BEGIN DATA UNDER STUDY

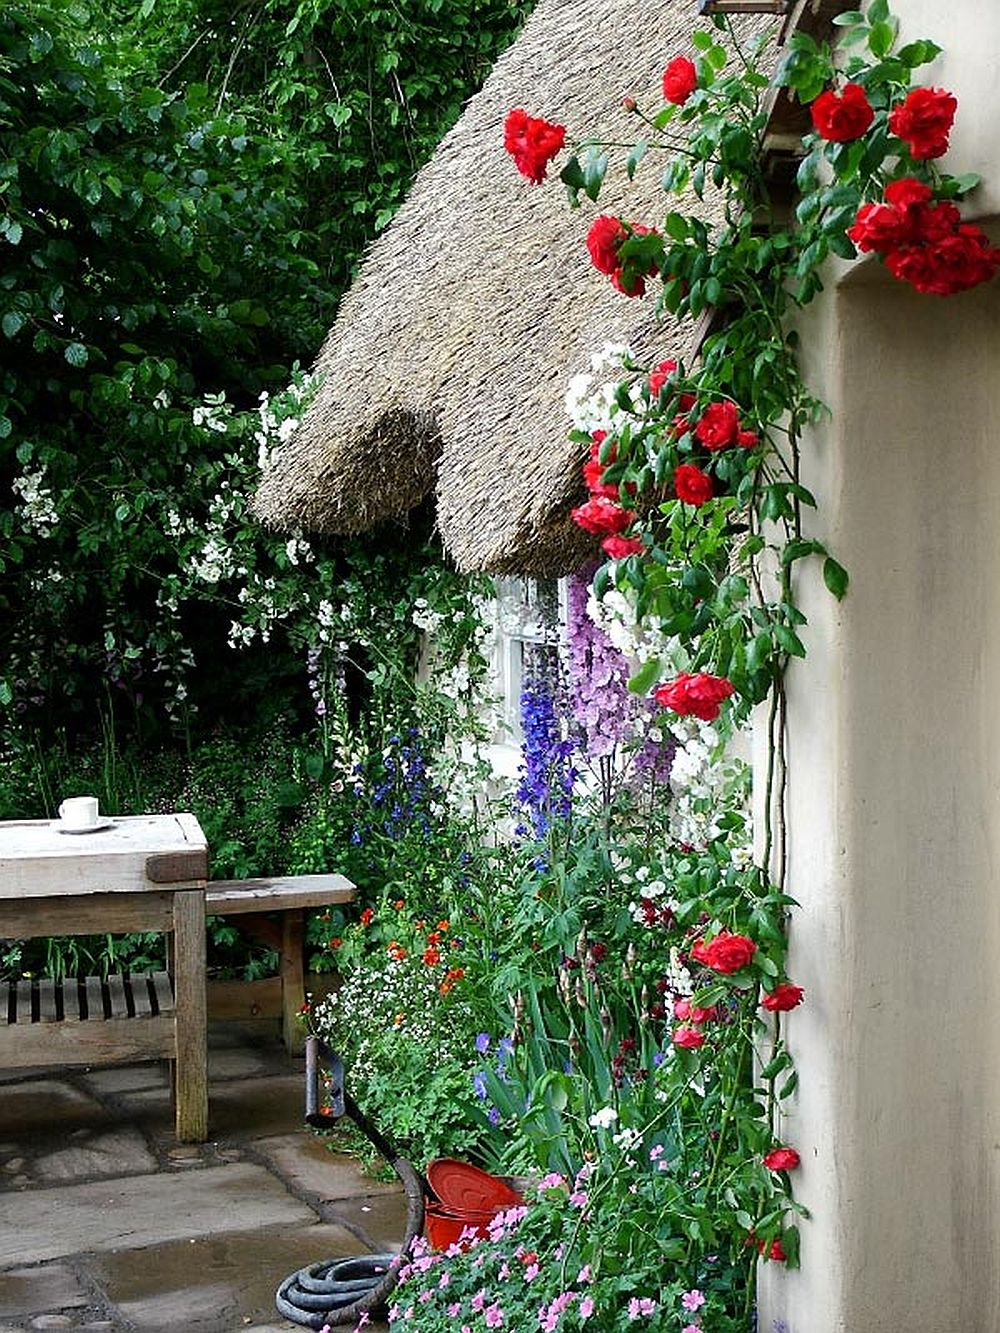 adelaparvu.com despre gradina rustica englezeasca, gradina Anglia, gradina Chelsea Pensioners Garden, designer peisagist Julian Dowle, Foto blog MooseysCountryGarden (4)
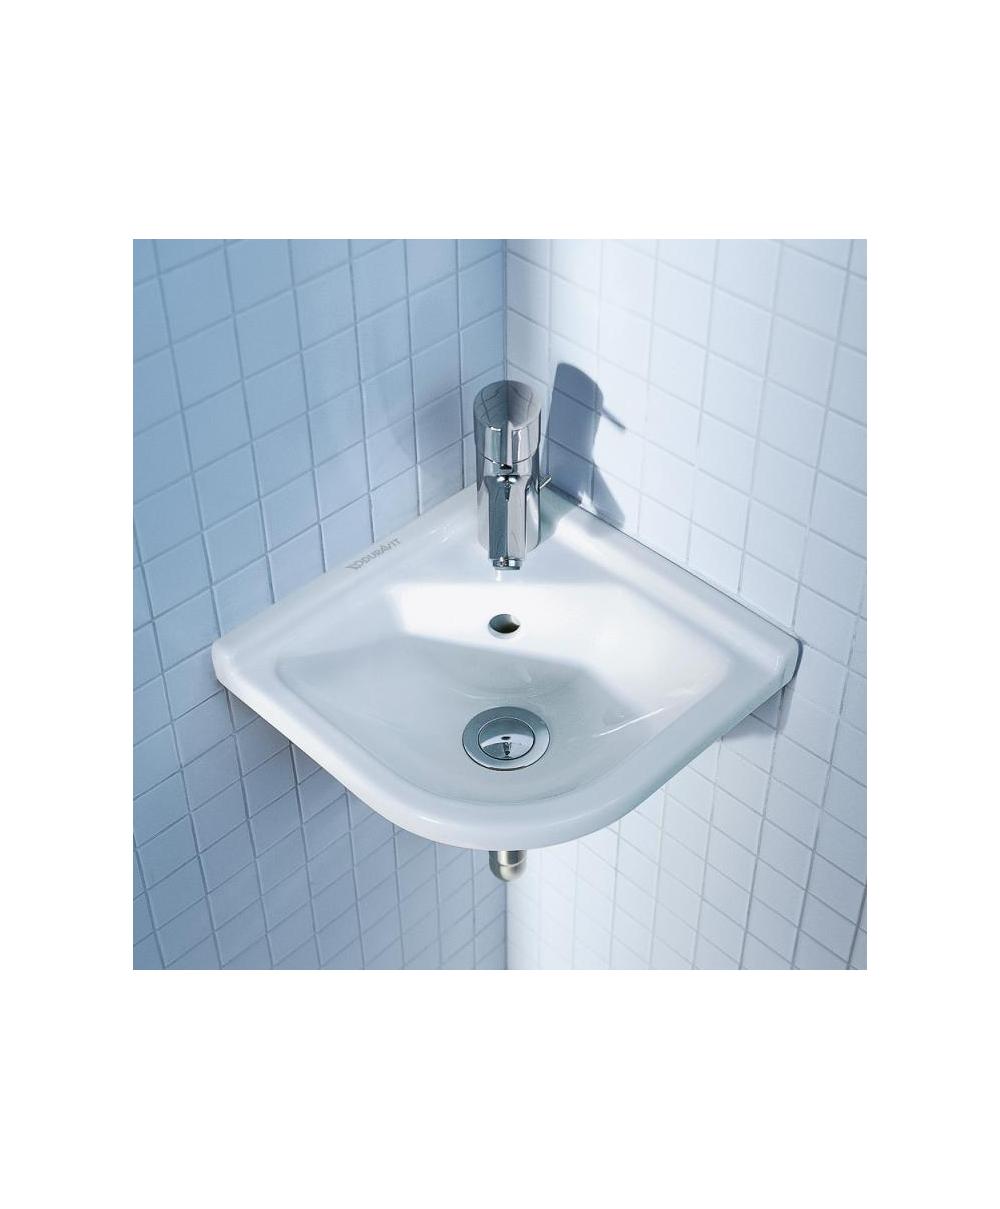 Starck 3 Cloakroom Corner Washbasin
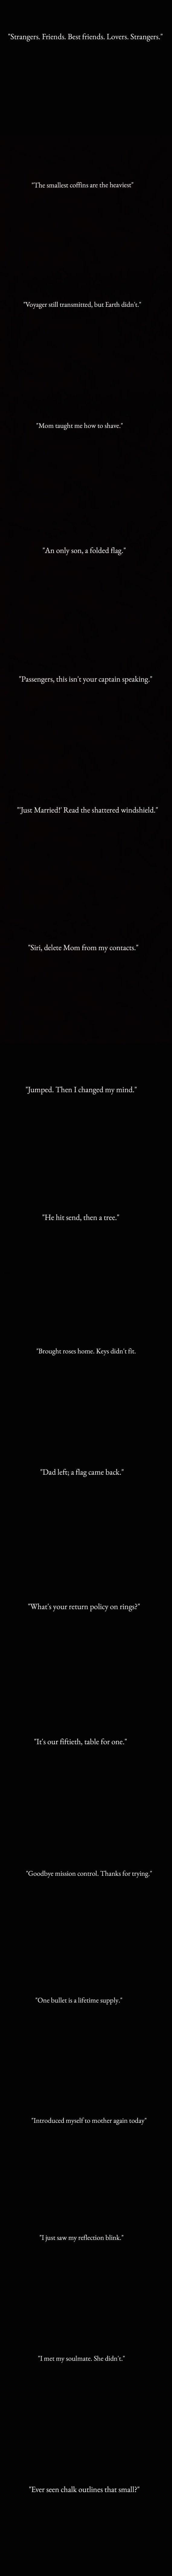 One liner sad stories
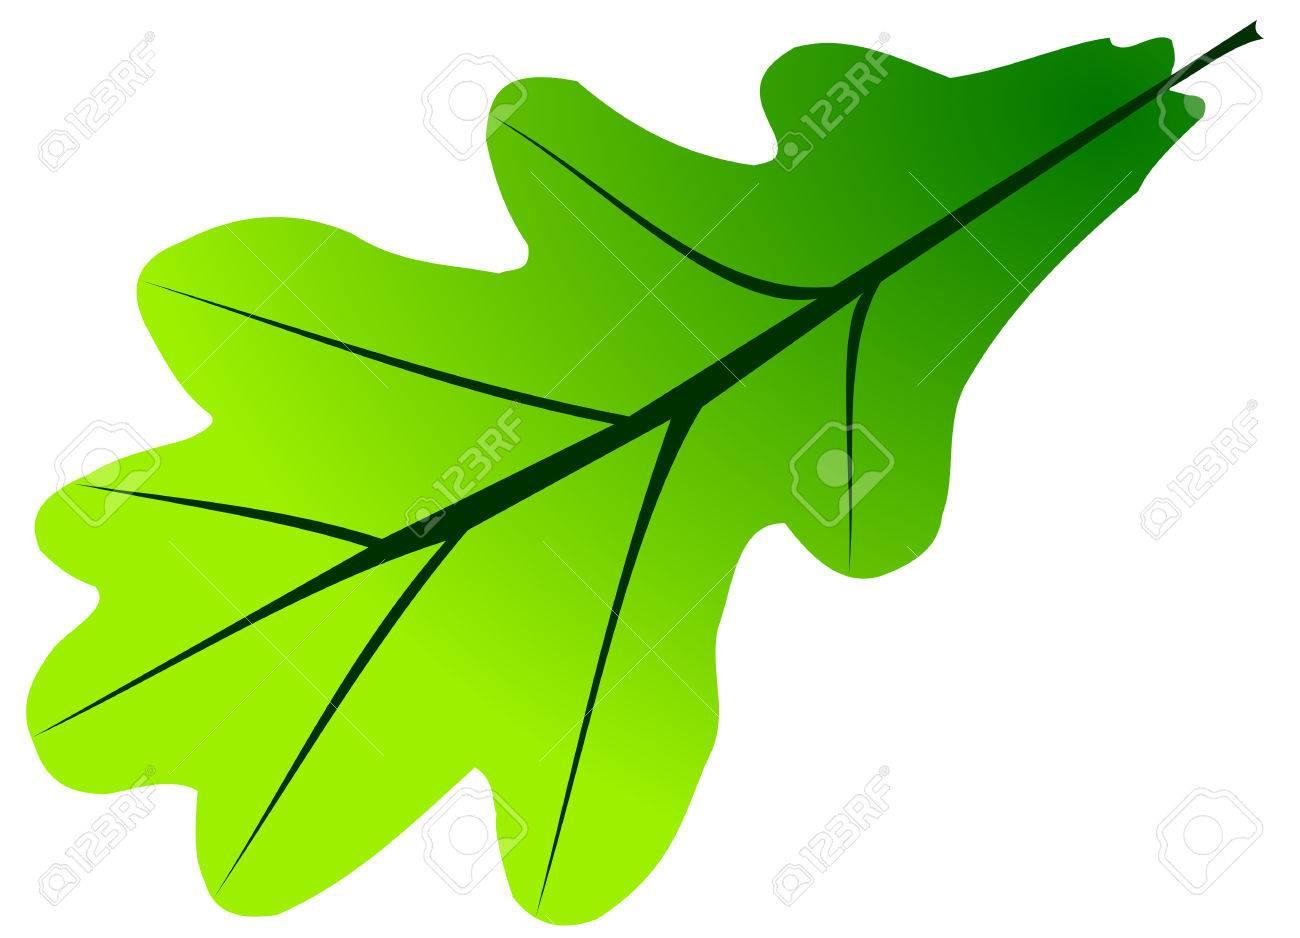 oak quercus robur vector isolated oak leaf royalty free cliparts rh 123rf com oak leaf silhouette vector oak leaf vector free download
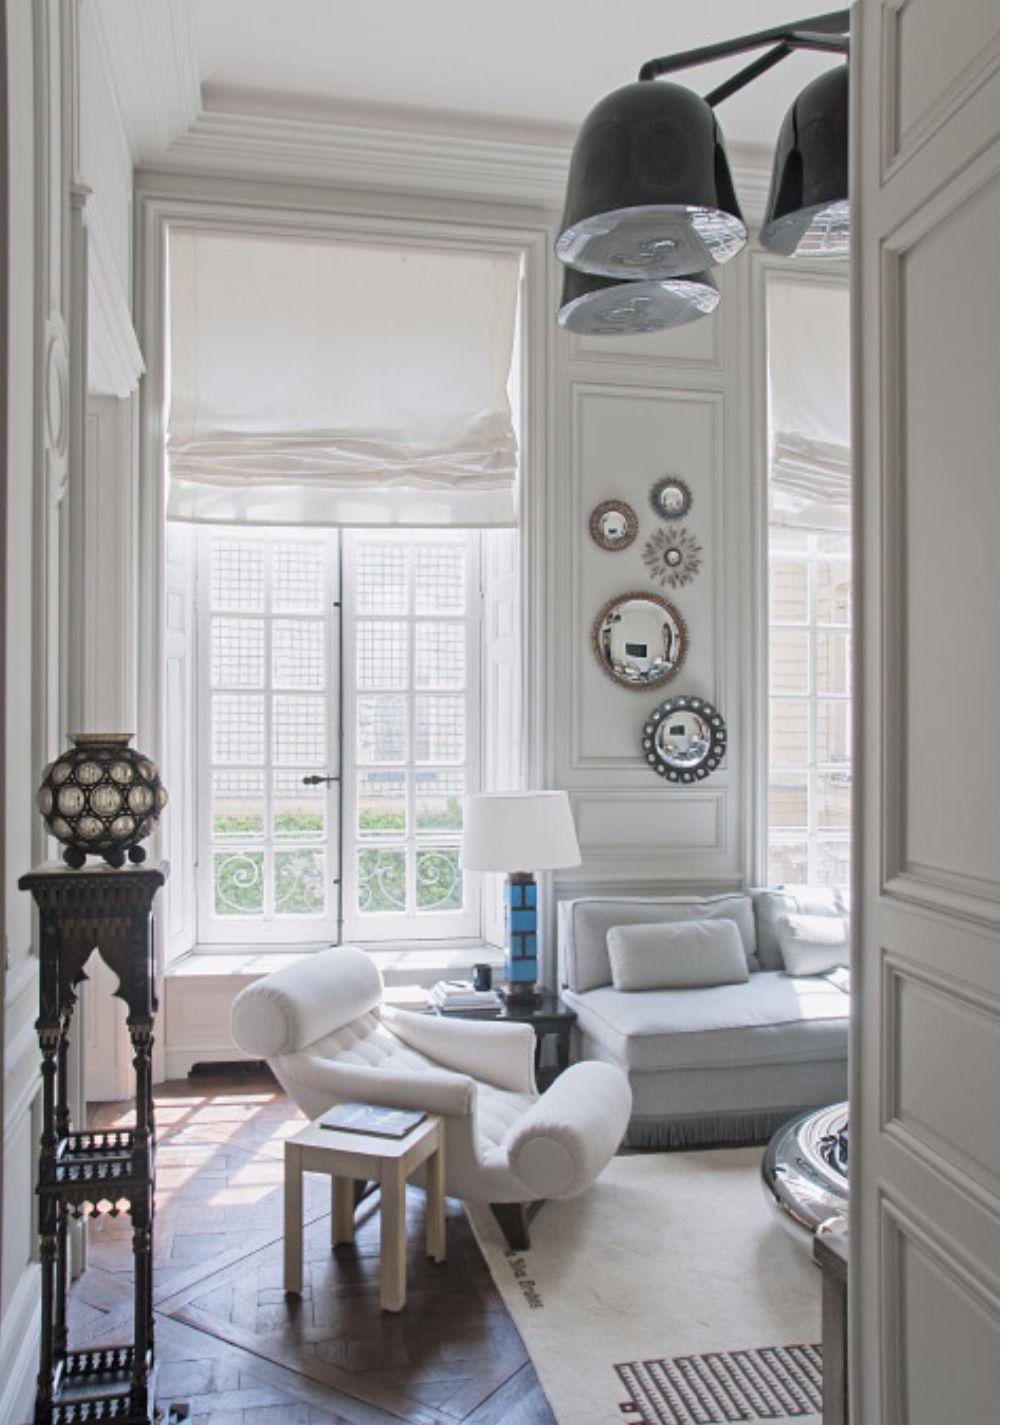 Designer Living Rooms Captivating Pinjennifer Gray On Adroit Design 89  Pinterest  Living Review

END DATA UNDER STUDY

▸ TASK ITEM
Each line from the one bearing "oak quercus robur" through the final line of the records is to be copied exactly, and no pictures are to be included.

▸ EXERCISE ANSWER
 oak quercus robur vector isolated oak leaf royalty free cliparts rh 123rf com oak leaf silhouette vector oak leaf vector free download
 Designer Living Rooms Captivating Pinjennifer Gray On Adroit Design 89  Pinterest  Living Review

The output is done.